• Supplied information:
· · · · ·

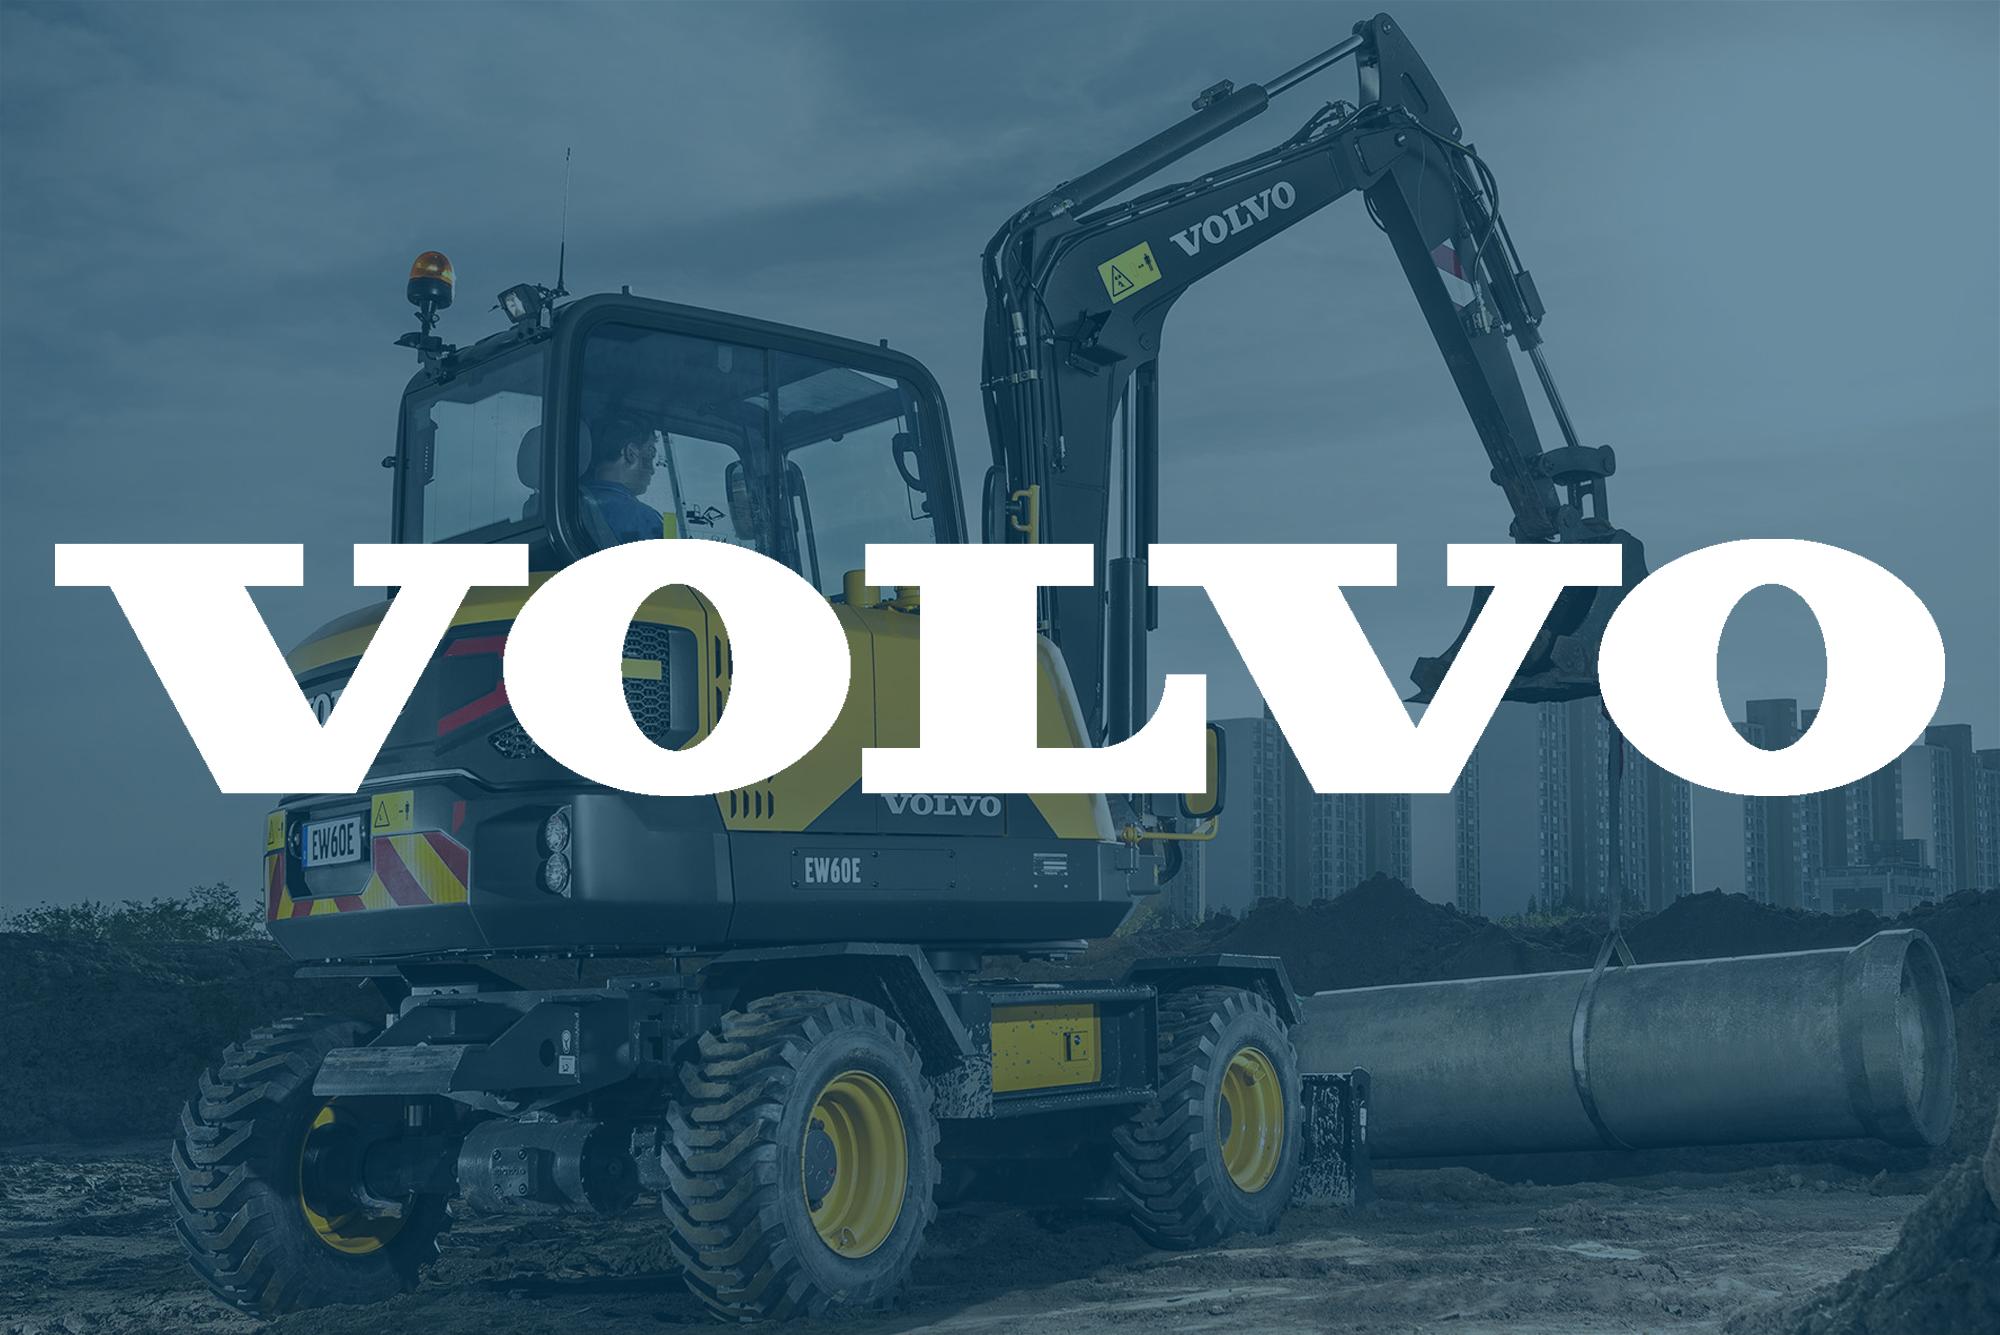 Volvo marques partenaires cimme
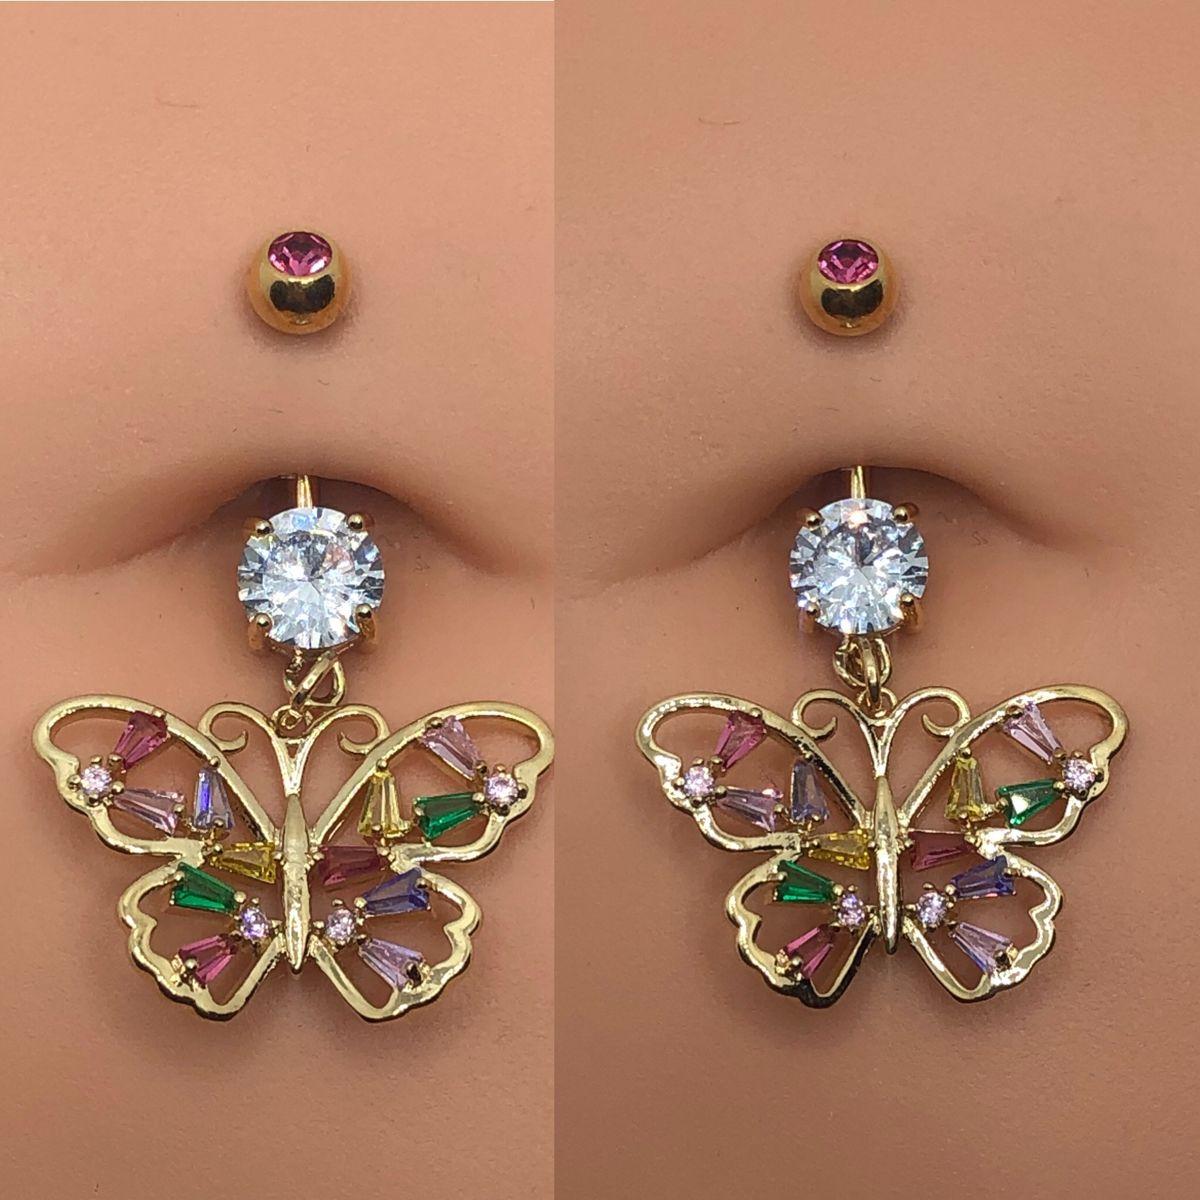 #bellybuttonpiercing #piercing #piercingideas #piercingaddict #piercingaesthetic #butterfly
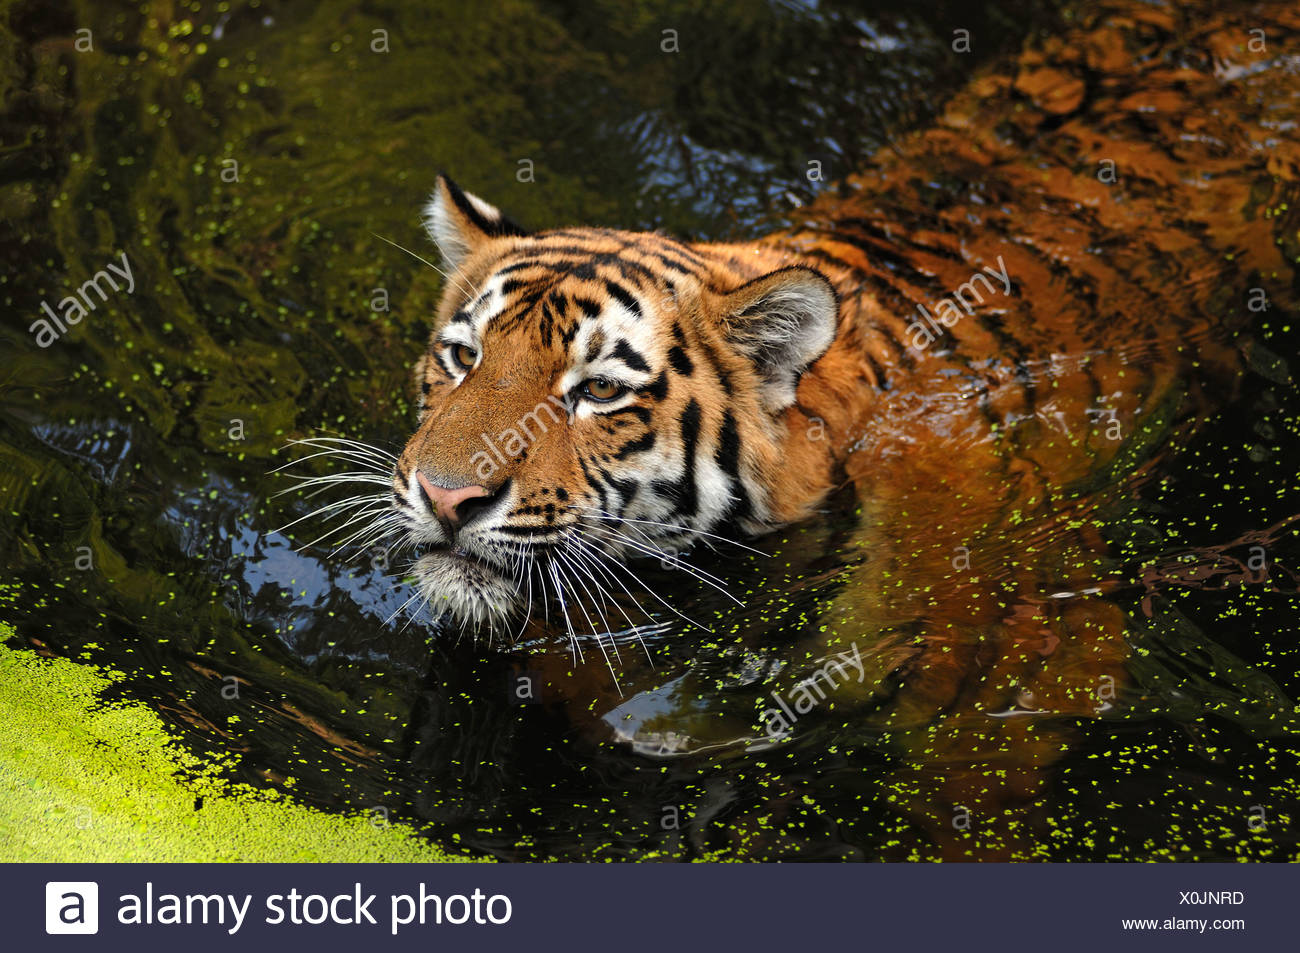 Siberian Tiger (Panthera tigris altaica), swimming in a moat, Tiergarten Nuernberg, Nuremburg Zoo, Nuremburg, Middle Franconia - Stock Image

· · · · ·

• Task item: Output nothing but the lines from the one containing "#bellybuttonpiercing #piercing #piercingideas" to the end of the listing, both ends included, reproduced exactly. Pictures stay out.

• Answer area:
 #bellybuttonpiercing #piercing #piercingideas #piercingaddict #piercingaesthetic #butterfly
 Siberian Tiger (Panthera tigris altaica), swimming in a moat, Tiergarten Nuernberg, Nuremburg Zoo, Nuremburg, Middle Franconia - Stock Image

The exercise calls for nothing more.